|Conversion action||Online purchase with processed valid payment|
|Cookie days||30 day(s)|
|Commission type||Percent of Sale|
Terms and Conditions
This agreement describes the terms and conditions to be part of the Great Lakes Gelatin® Company's affiliate program. In this agreement, the term "Affiliate" refers to you (the applicant). In this agreement, “Great Lakes Gelatin® Company” refers to the party with whom you are entering this agreement. By applying to the Great Lakes Gelatin® Company affiliate program you are confirming that you have read the agreement and agree to the terms and conditions.
1. Enrollment in the Affiliate Program
You must submit an Affiliate Program application from our website. You must accurately complete the application to become an affiliate (and provide us with future updates) and not use any aliases or other means to mask your true identity or contact information. After we review your application, we will notify you of your acceptance or rejection to the Affiliate Program, generally within five (5) business days. We may accept or reject your application at our sole discretion for any reason.
For a sale to generate a commission to an Affiliate, the customer must complete the order form and remit full payment for the product(s). Commissions will only be paid on sales that are made when the customer clicks through qualified, correctly structured Affiliate links. Properly coded links are the sole responsibility of the affiliate. Commissions can be viewed on the Affiliate Dashboard.
Commissions will be held for 30 days from the date of the transaction and be paid via PayPal from that date forward provided that your account is greater than $50 at the time of payout request and a valid Paypal email address has been provided for your account. We reserve the right to chargeback to your account any previously paid Qualified Actions that are later determined to have not met the requirements to be a Qualified Action.
In the event that Affiliate disputes in good faith any portion of a commission, Affiliate must submit that dispute to Great Lakes Gelatin® Company in writing and in sufficient detail within thirty (30) days of the date on the commission. If Affiliate does not dispute the commission as set forth herein, then Affiliate agrees that it irrevocably waives any claims based upon that invoice.
Great Lakes Gelatin® Company will send 1099 forms to those who earn more than $600 in commissions in one calendar year.
In the event a customer requests a refund for a transaction for which the Affiliate has earned commissions, any commissions earned on the refund amount will be deducted from the Affiliate’s balance.
5. Usage and Obligations
Affiliates are permitted to use the Great Lakes Gelatin® Company brand and marketing resources provided, once the affiliate has been approved. Logos and other assets cannot be modified. The Affiliate does not gain any trademark, copyright or any other rights to these materials.

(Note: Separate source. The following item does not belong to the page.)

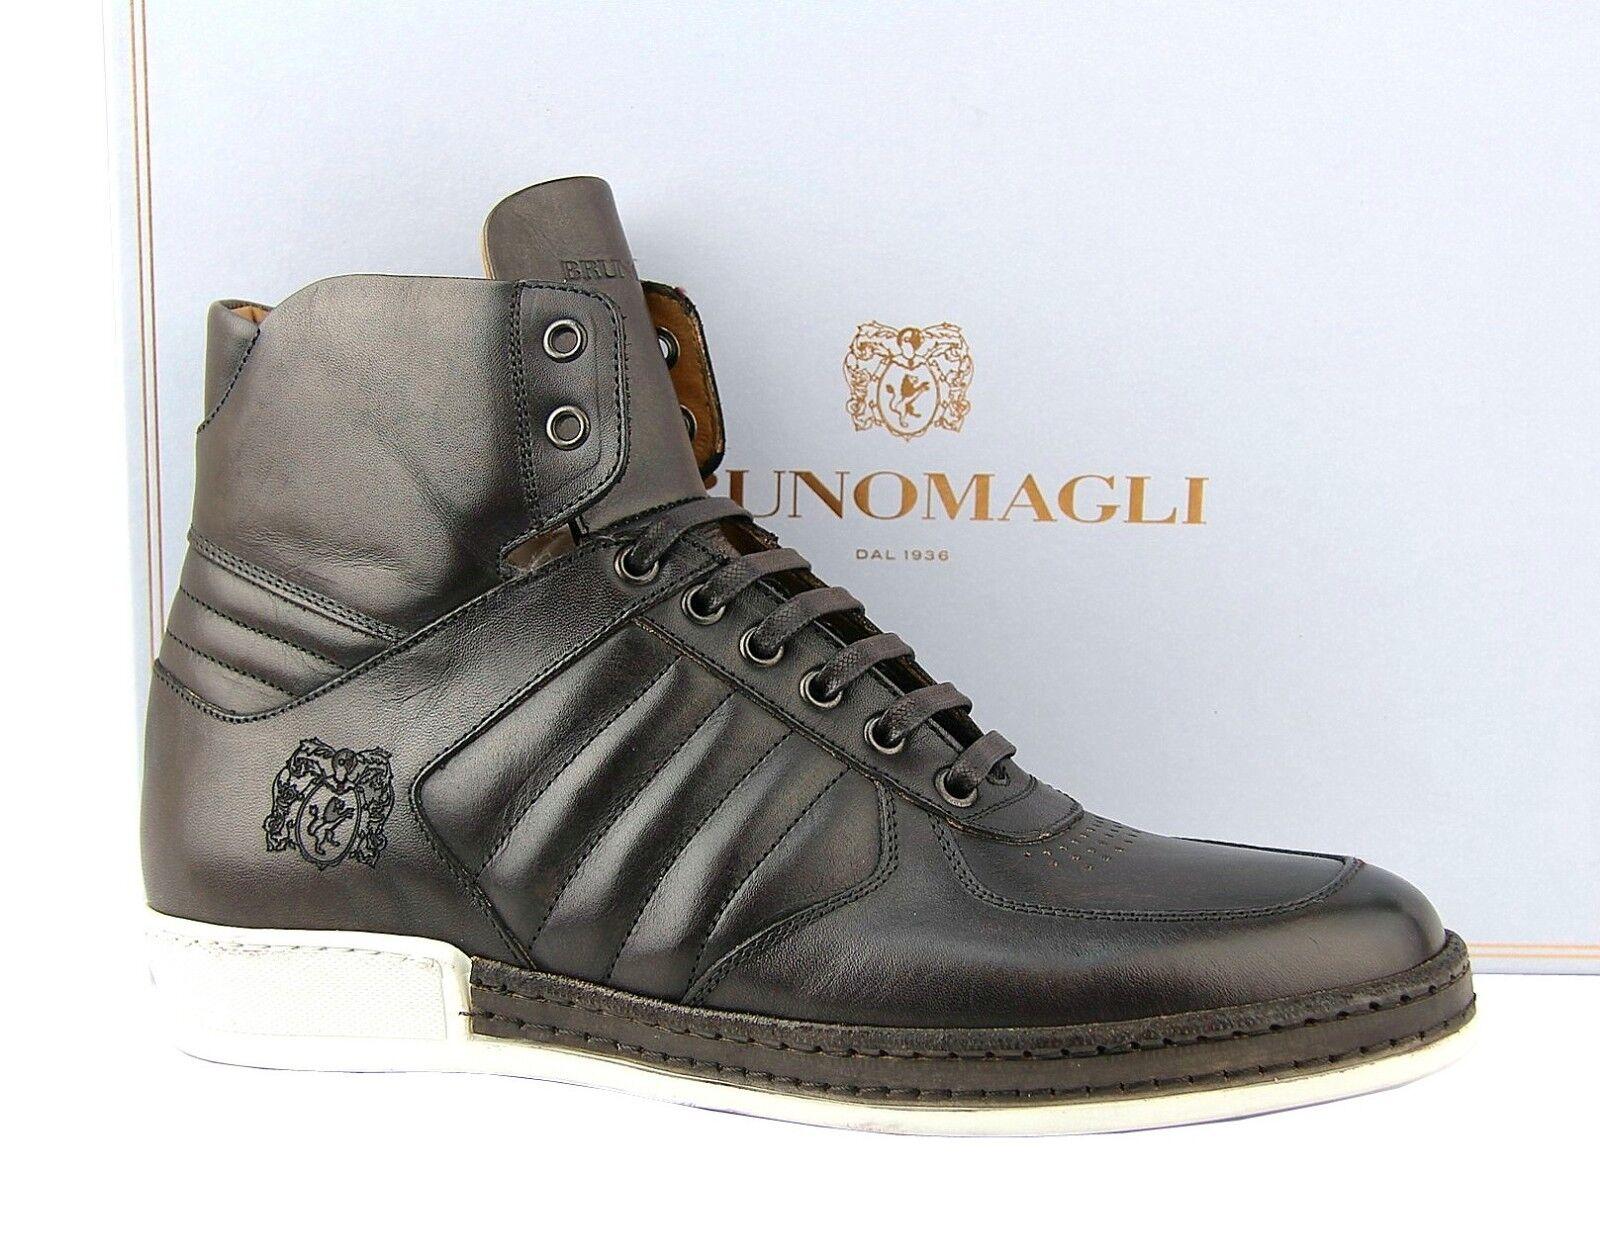 BRUNO MAGLI SIRO HIGH TOP DARK Marronee scarpe scarpe da ginnastica 100% SOFT LEATHER ITALY NEW

The Affiliate will never represent themselves, Great Lakes Gelatin® Company or their relationship with Great Lakes Gelatin® Company in a false, fraudulent, or misleading way.
Do NOT place Great Lakes Gelatin® Company ads on any online auction platform (i.e. eBay, Amazon, etc). Great Lakes Gelatin® Company does NOT allow posting to coupon house sites. Affiliates found to violate these rules will be immediately removed from the affiliate program while forfeiting all commissions.
The Affiliate will not engage in the distribution of an unsolicited bulk email (spam) mentioning or referencing Great Lakes Gelatin® Company.
6. Term and Termination
Either party has the right to terminate the agreement immediately without prior notice.
If the Affiliate terminates the agreement, no further commissions from Great Lakes Gelatin® Company will be paid for any future customer transactions.
If Great Lakes Gelatin® Company terminates all balances will be lost.
Except as otherwise provided in this Agreement or with the consent of Great Lakes Gelatin® Company, you agree that all information, including, without limitation, the terms of this Agreement, business and financial information, customer and vendor lists, and pricing and sales information, concerning us or any of our affiliates provided by or on behalf of any of them shall remain strictly confidential and secret and shall not be utilized, directly or indirectly, by you for any purpose other than your participation in the Affiliate Program, except and solely to the extent that any such information is generally known or available to the public through a source other than you. Affiliate shall not use any information obtained from the Affiliate Program to develop, enhance or operate a service that competes with the Affiliate Program or assist another party to do the same.
8. Governing Law
This Agreement shall be governed, construed, and enforced in accordance with the laws of the State of Illinois, without regard to its conflict of laws rules.
All claims and disputes arising under or relating to this Agreement are to be settled by binding arbitration in the State of Illinois. An award of arbitration may be confirmed in a court of competent jurisdiction.
We may modify any of the terms and conditions within this Agreement at any time and at our sole discretion. These modifications may include, but are not limited to changes in the scope of available commissions, commission schedules, payment procedures, and Affiliate Program rules.